Turcsanyi: The CEE16+1 grouping is not a multilateral institution, as it is often misrepresented: The Central and Eastern European countries have little interest in turning it into one, and it is very unlikely they would be able and willing to cooperate on a common agenda if they did. There are vast differences among them, for example, in the level of their economic development, making their domestic needs very different from each other. Moreover, to some extent the Central and Eastern European countries compete to attract Chinese investments.
Instead, the grouping can be viewed as a means for China to develop bilateral relations in Central and Eastern Europe, as well as to keep the 16 bilateral dialogues rapidly developing in a time-effective manner. To this end, contacts have significantly expanded and deepened as part of the CEE16+1 process since it was initiated in 2011. There are now yearly summit meetings among the heads of the governments, as well as many sectoral dialogues, seminars, conferences and the like, often at the ministerial level. A good deal of attention also goes to developing people-to-people contacts, including scientific, cultural, journalistic, political and think tank exchanges, although business-support activities remain the priority.
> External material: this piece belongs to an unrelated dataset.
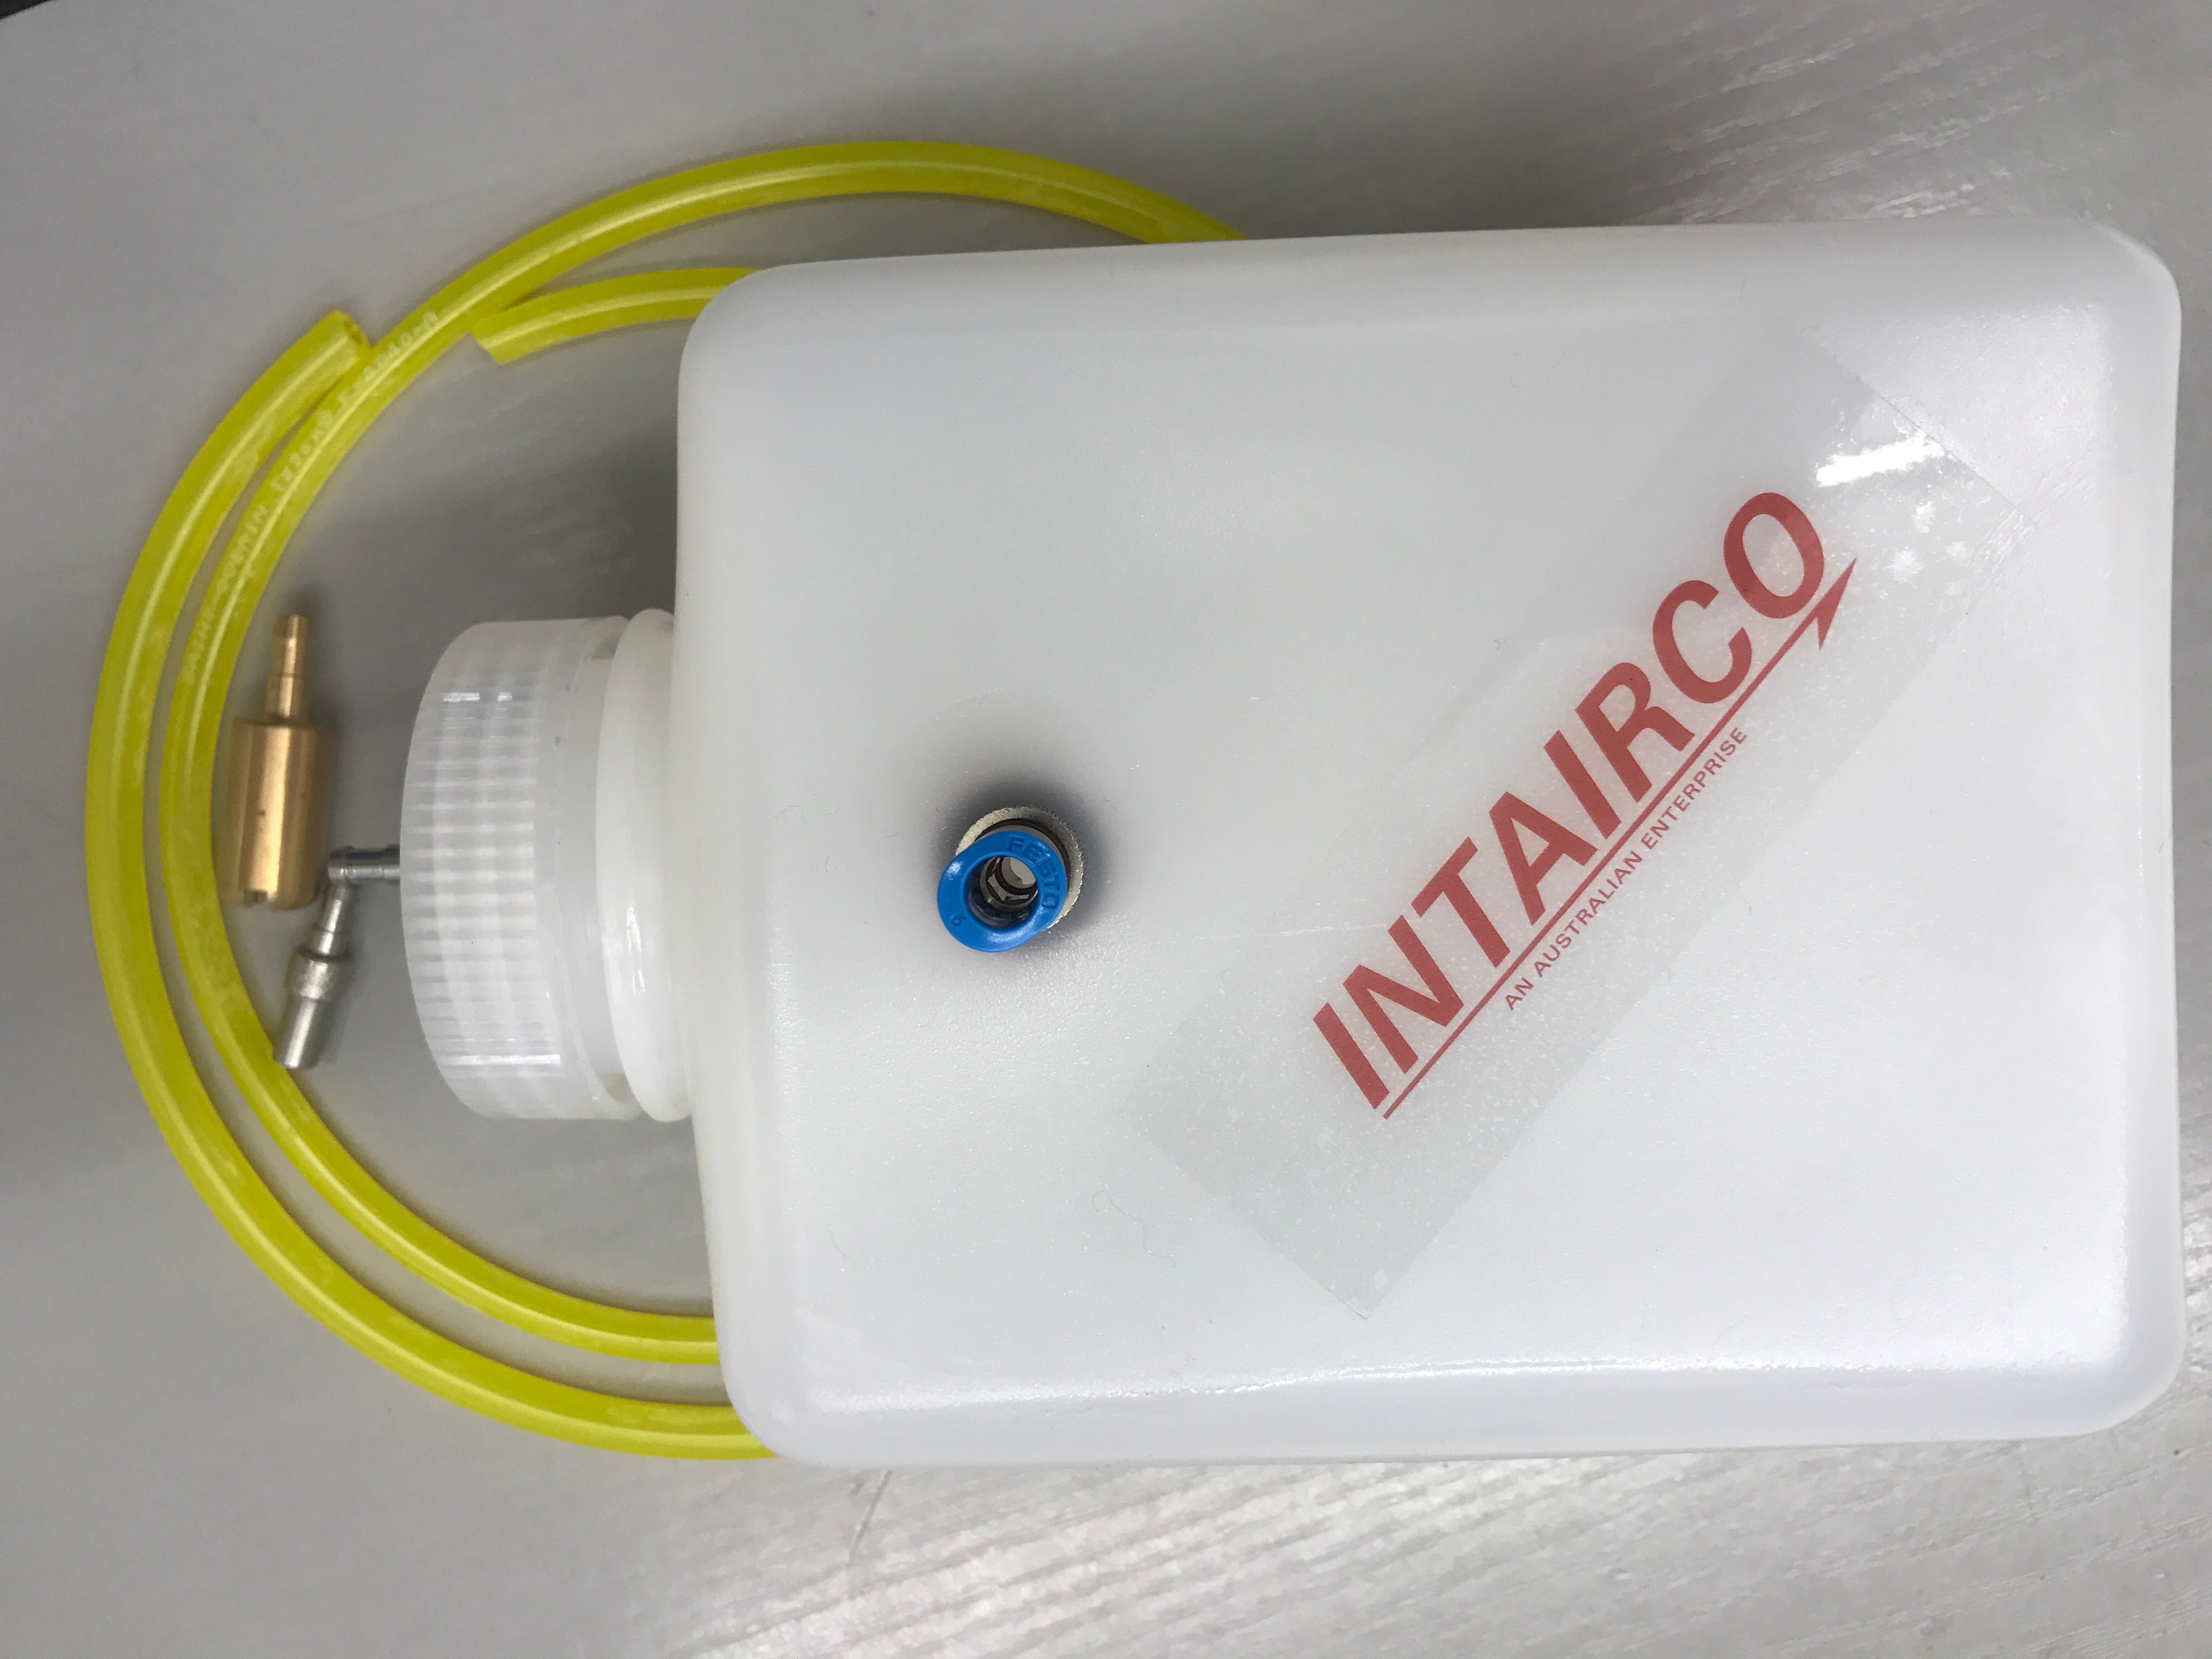 Intairco Overflow / Start / Taxi Tank 1 Litre (32oz) with 6mm Fuel Probe IAC-210

However, despite the expanded and deepened interaction, the platform has not led to major breakthroughs, and it seems that both China and the Central and Eastern European countries are dissatisfied with the economic outcomes so far.
WPR: How does Chinese investment in Central and Eastern Europe affect ties with the European Union as a whole, and how open is the EU to Chinese investment in Eastern Europe?
Turcsanyi: As noted, 11 of the Central and Eastern European countries are already EU members, and the remaining five that are not are currently EU candidate countries, and therefore on the path to membership in the future. In fact, the EU component seems to be the defining feature of membership in the CEE16+1 grouping, as the Eastern European countries that are not yet firmly on the path to the EU membership—Moldova, Ukraine and Belarus—have been left out.
The EU, and particularly its Western European members, were initially suspicious about the CEE16+1 format, due to a lack of transparency and worries that the platform might come into conflict with official EU policies. Over time, however, the EU began to see the CEE16+1 in a more neutral light. On one hand, this was due to increased transparency—EU observers now have access to all meetings and participate in drafting documents. On the other hand, the platform is seen as resulting in few tangible outcomes, and no major change is expected in this regard.
For their part, Western European countries likely see China as a competitor in Central and Eastern Europe, which they have regarded as a private playground for their companies since the 1990s. However, similarly to the rest of the EU, there are no barriers in the Central and Eastern European countries toward Chinese investments; they are generally welcomed.